Disaster Recovery Sites


  • Within the scope of business continuity planning,
    • disaster recovery plans (DRPs) describe the specific procedures to follow to recover a system or site to a working state
      • disaster could be anything from:
        • a loss of power or failure of a minor component
        • to human-made or natural disasters

Spare Sites

A spare site is another location that can provide the same (or similar) level of service.

  • disaster or systems failure at one site will cause services to failover to the alternate site
  • DRP must state:
    • how this will happen
    • what checks need to be made to ensure that failover has occurred successfully
      • without loss of transactional data or service availability
    • how to revert to the primary site once functionality is restored there

Site Resiliency

  • levels of site resiliency:
    • hot site
      • quickest access to restore critical data in the event of a disaster or catastrophe
      • can failover almost immediately
      • site is already within the organization’s ownership and is ready to deploy
      • typically involve the latest and greatest storage equipment and the fastest protocols
      • typically located close to the client or in multiple locations to ensure fast access
      • e.g.,
        • hot site could consist of a building with operational computer equipment that is kept updated with a live dataset
    • warm site
      • similar but with the requirement that the latest dataset will need to be loaded
      • Alternate processing location that is dormant or performs noncritical functions under normal conditions, but which can be rapidly converted to a key operations site if needed
    • cold site
      • offers less frequent access and is maintained on minimal equipment that is considered lower performance
        • Returning to normal operations is slower
        • significant advantage of cold storage
          • it is less expensive than hot storage
      • may be an empty building with a lease agreement in place to install whatever equipment is required when necessary

Geographic dispersion is a resiliency mechanism where processing and data storage resources are replicated between physically distant sites.

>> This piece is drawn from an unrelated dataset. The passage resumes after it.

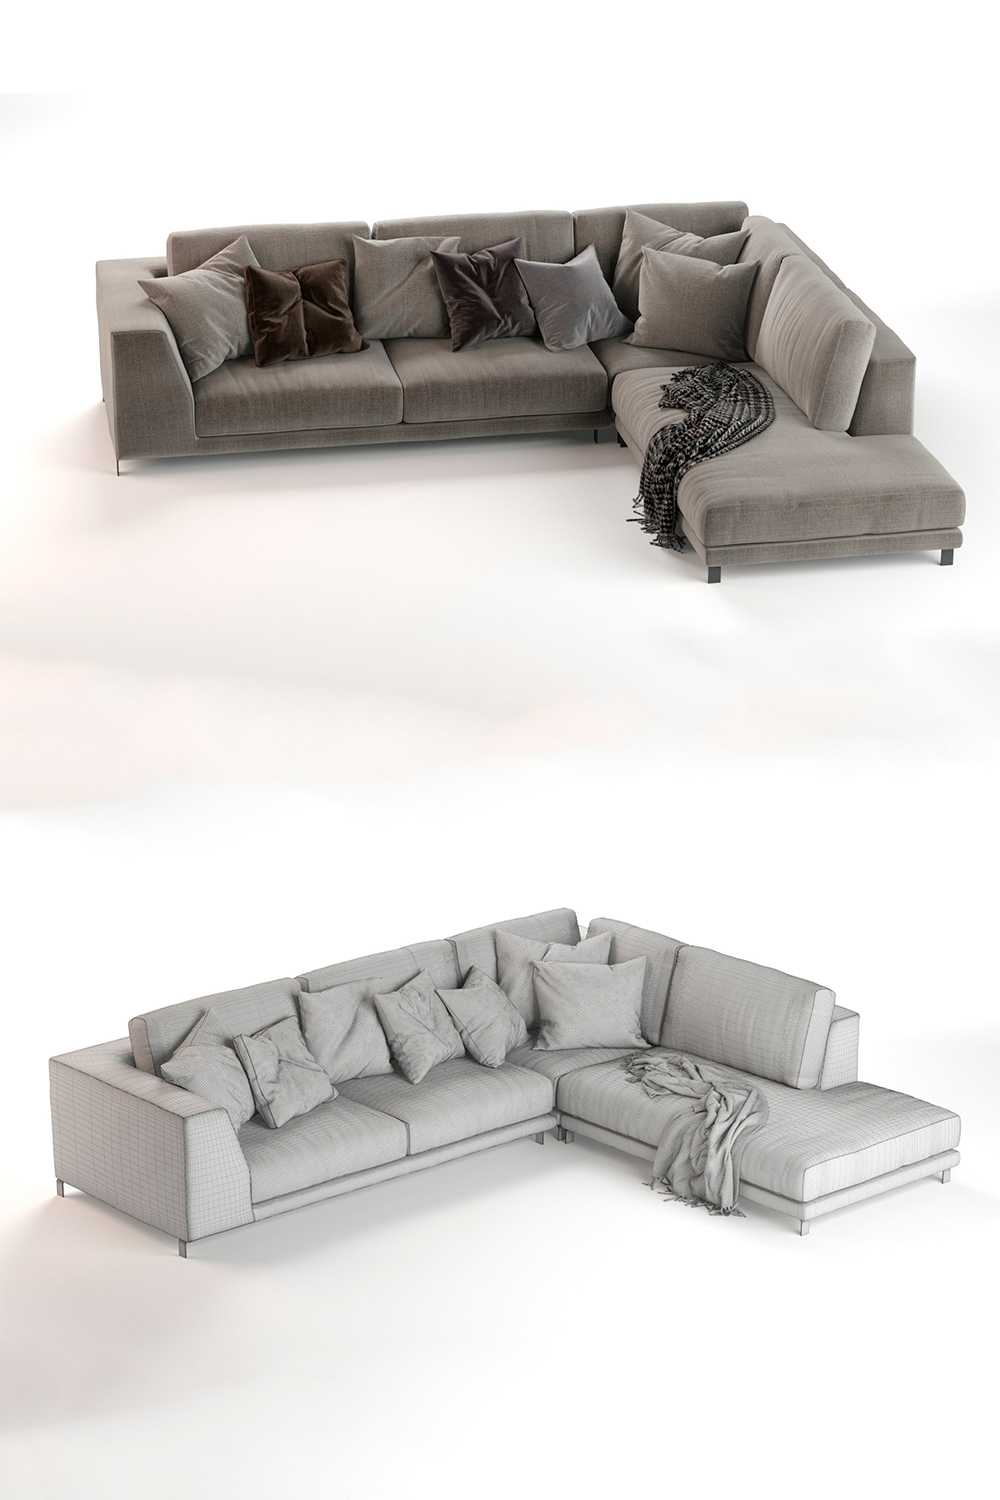 Rendering of an elegant 3d model of a corner sofa

  • aims to ensure that recovery sites are located far enough apart to minimize the impact of regional disasters

Cloud as Disaster Recovery

  • redundancy at scale is expensive and complex
    • sites are often leased from service providers
    • business can also enter reciprocal arrangements to provide mutual support
      • cost-effective but complex to setup
  • most cost-effective solution is to use a cloud site
    • cloud operator should be able to maintain hot site redundancy so that a geographic disaster in one area will not disrupt service bc of support from another in a different region
  • cloud providers offer more affordable redundancy and backup options
    • due to their economies of scale
  • offer
    • scalability
    • geographic diversity
    • faster deployment
    • simplified management